Öpücük hastalığı, çocuklarda genellikle 2-4 haftalık kuluçka dönemi sonrasında belirti veriyor. Belirtiler birkaç hafta içinde hafifleme eğiliminde oluyor. Ancak yorgunluk hali ve büyümüş olan lenf bezeleri ile dalak gibi organların tamamen normale dönmesi birkaç ayı bulabiliyor. Dr. Hülya Kuşoğlu, çocuklarda en sık görülen belirtileri şöyle sıralıyor:
- Vücutta yaygın halsizlik ve yorgunluk hissi,
- Ateş,
- Boğaz ağrısı,
- Bademciklerde büyüme ve bazen bademcikler üzerinde beyaz iltihap alanları,
- Özellikle boyun lenf bezeleri olmak üzere koltuk altı ve kasık bölgesi dahil tüm vücut lenf bezelerinde büyüme,
- Baş ağrısı,
- Yüzde 50’sinde dalakta büyüme ve karnın dalak bölgesinde dolgunluk hissi,
- Yüzde 20 sinde karaciğerde büyüme,
- Cilt döküntüsü.
Antibiyotik tedavisi işe yaramıyor
Dr. Hülya Kuşoğlu, öpücük hastalığının viral bir hastalık olduğu için bakteriyel enfeksiyonlarda kullanılan antibiyotik tedavisinin fayda sağlamadığını belirtiyor.

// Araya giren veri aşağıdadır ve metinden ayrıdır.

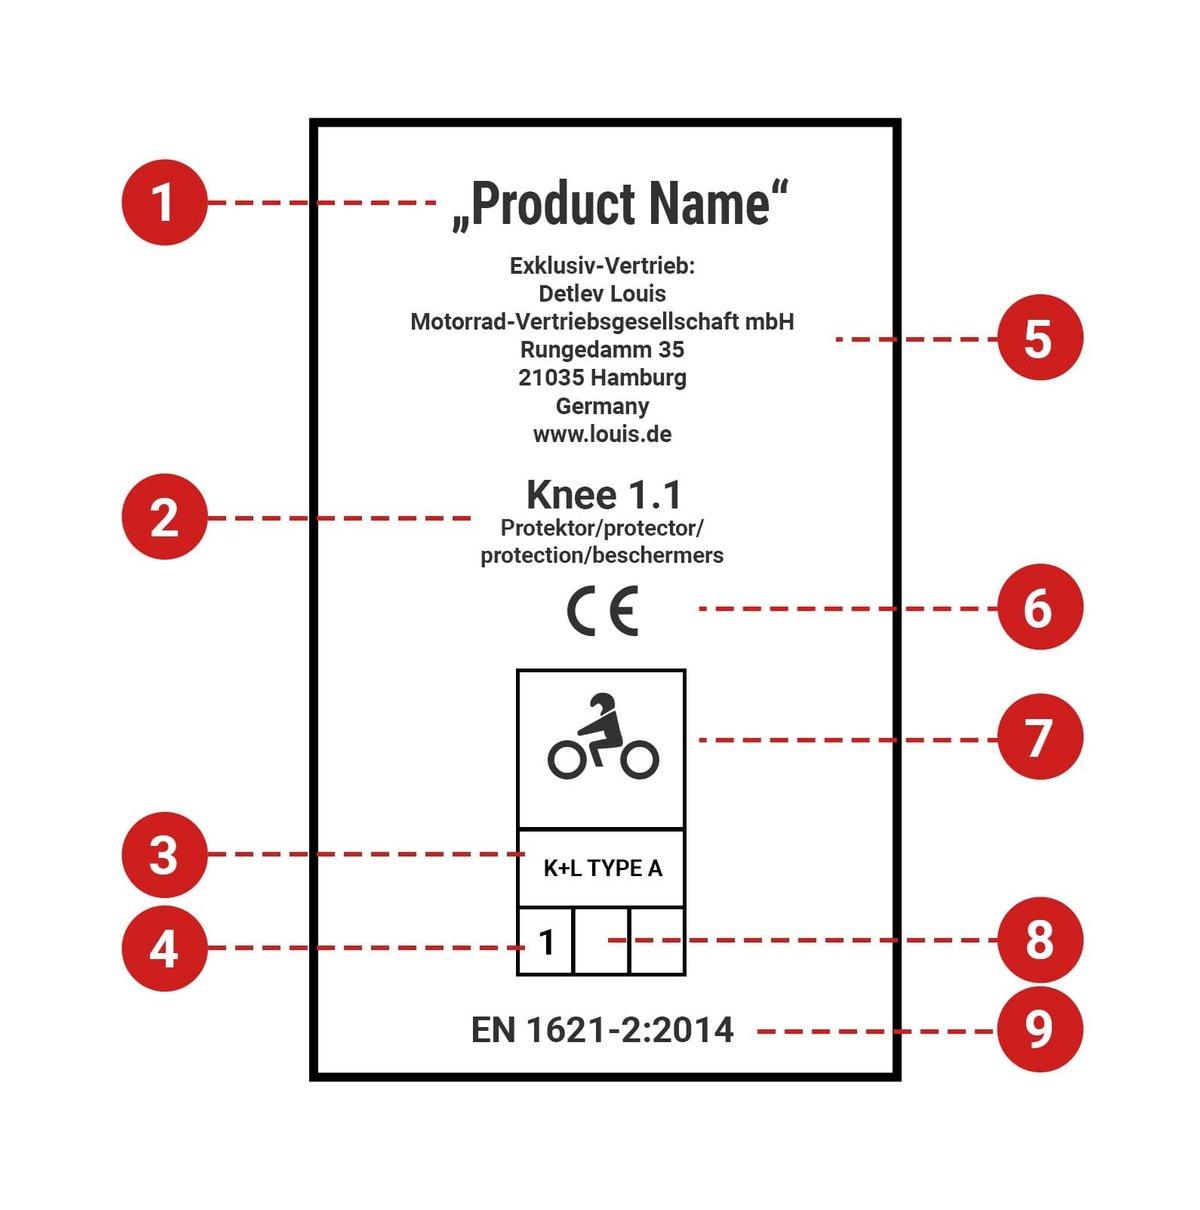 Kennzeichnung am Produkt

Dr. Hülya Kuşoğlu, enfekte olan çocuğun fiziksel aktiviteden uzak durması, bol bol istirahat etmesi ve yine bol sıvı alması gerektiğini belirtiyor. Ayrıca ateş yüksekliği durumunda ateş düşürücü ilaç kullanması öneriliyor.
Komplike vakalarda, merkezi sinir sistemi tutulumunda, hemolitik anemi veya trombositopeni vakalarında, solunum yolu darlığı gelişmesi halinde nadir olarak kısa süreli kortikosteroid kullanmak gerekebiliyor. İyileşme 2-4 hafta içinde beklense de, bazı durumlarda halsizlik 6 aya kadar devam edebiliyor.